EXTRACTED ENTRIES —
%%

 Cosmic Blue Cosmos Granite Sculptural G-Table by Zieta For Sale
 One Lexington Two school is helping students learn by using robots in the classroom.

%%
%%

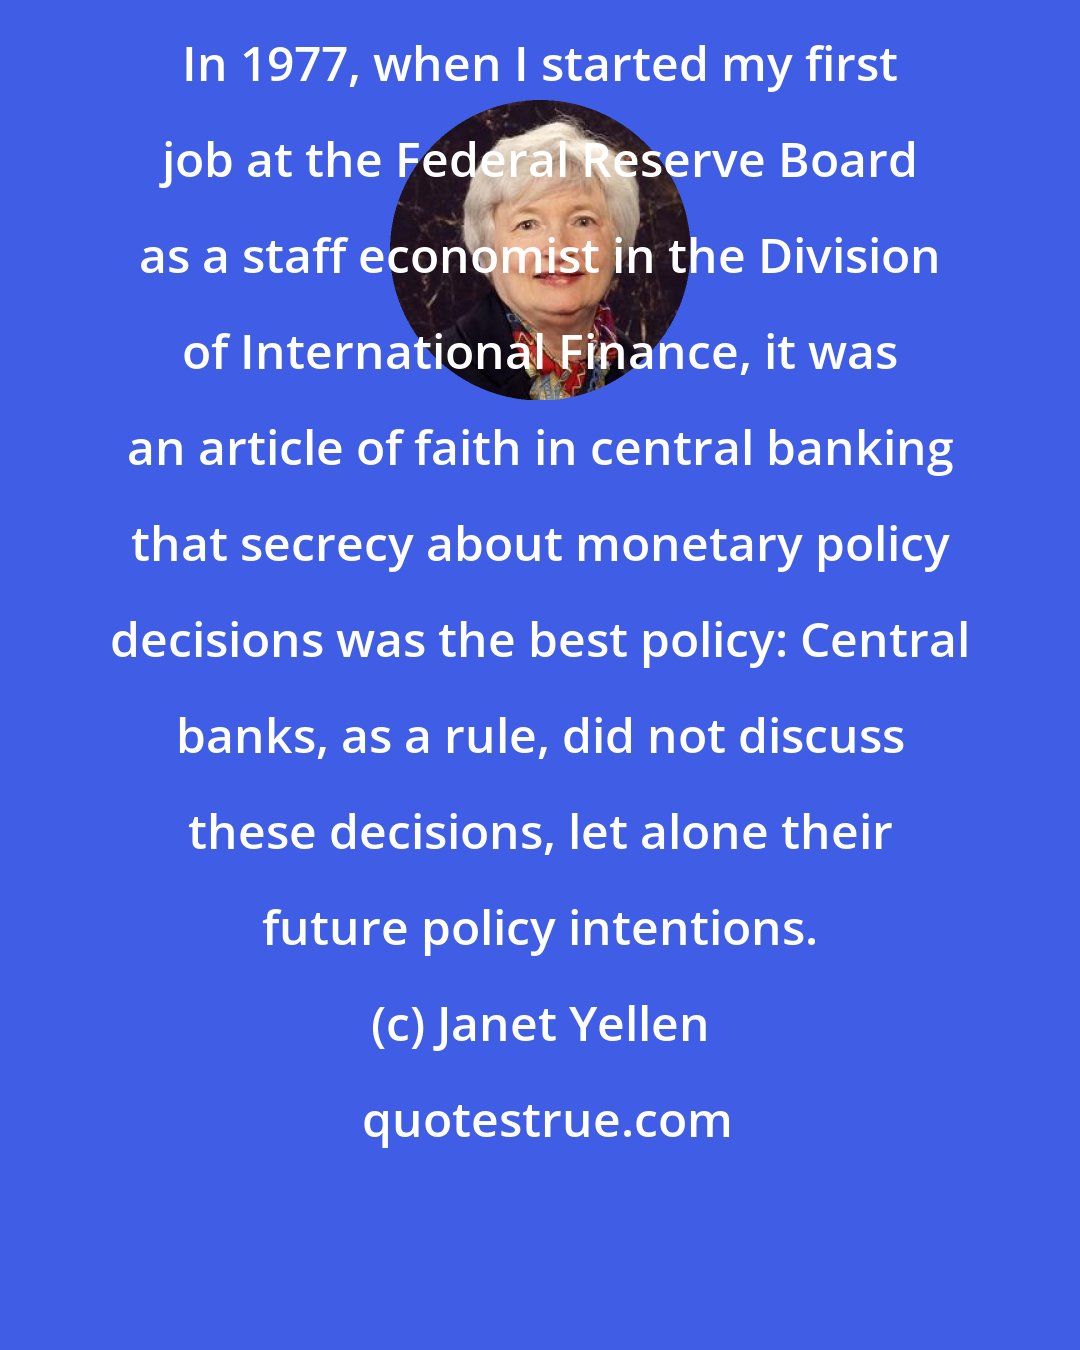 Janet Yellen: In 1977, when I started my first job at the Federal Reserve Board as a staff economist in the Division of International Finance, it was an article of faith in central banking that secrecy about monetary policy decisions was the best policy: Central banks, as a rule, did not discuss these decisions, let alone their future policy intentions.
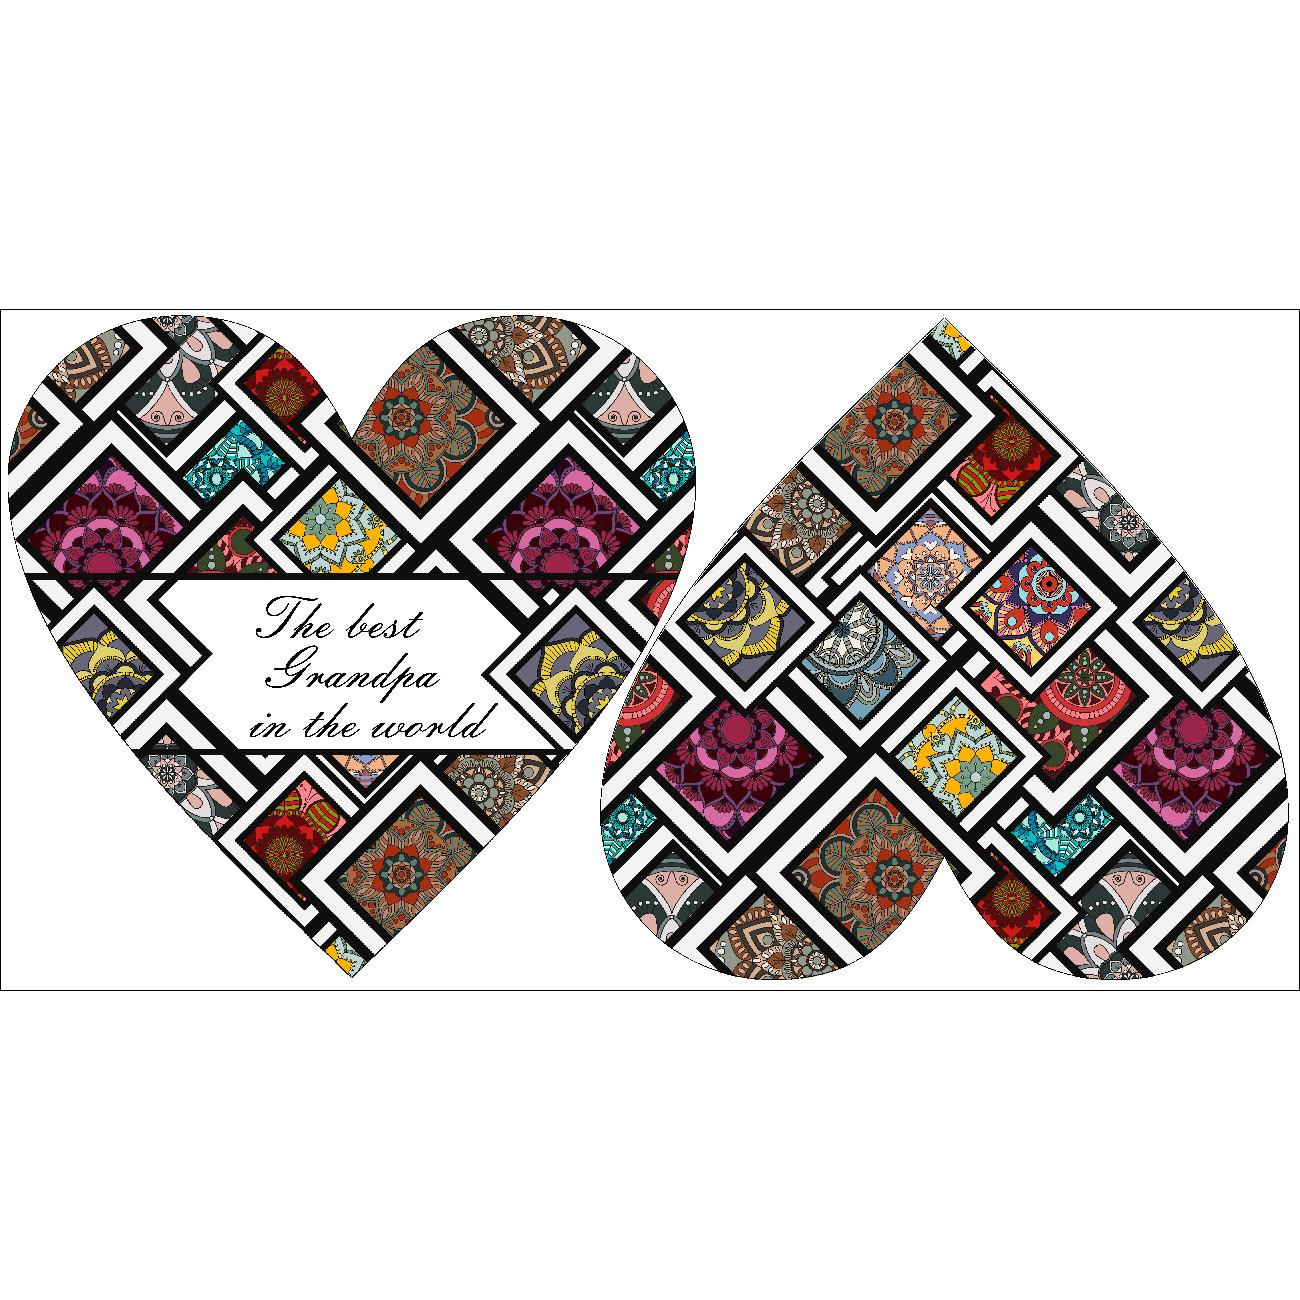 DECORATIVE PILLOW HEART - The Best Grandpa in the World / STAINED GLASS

%%

DIRECTIONS — Output only an exact transcription of the lines above from the one with "Cosmic Blue Cosmos" up to and including the one with "One Lexington Two".

RESPONSE BOX —
 Cosmic Blue Cosmos Granite Sculptural G-Table by Zieta For Sale
 One Lexington Two school is helping students learn by using robots in the classroom.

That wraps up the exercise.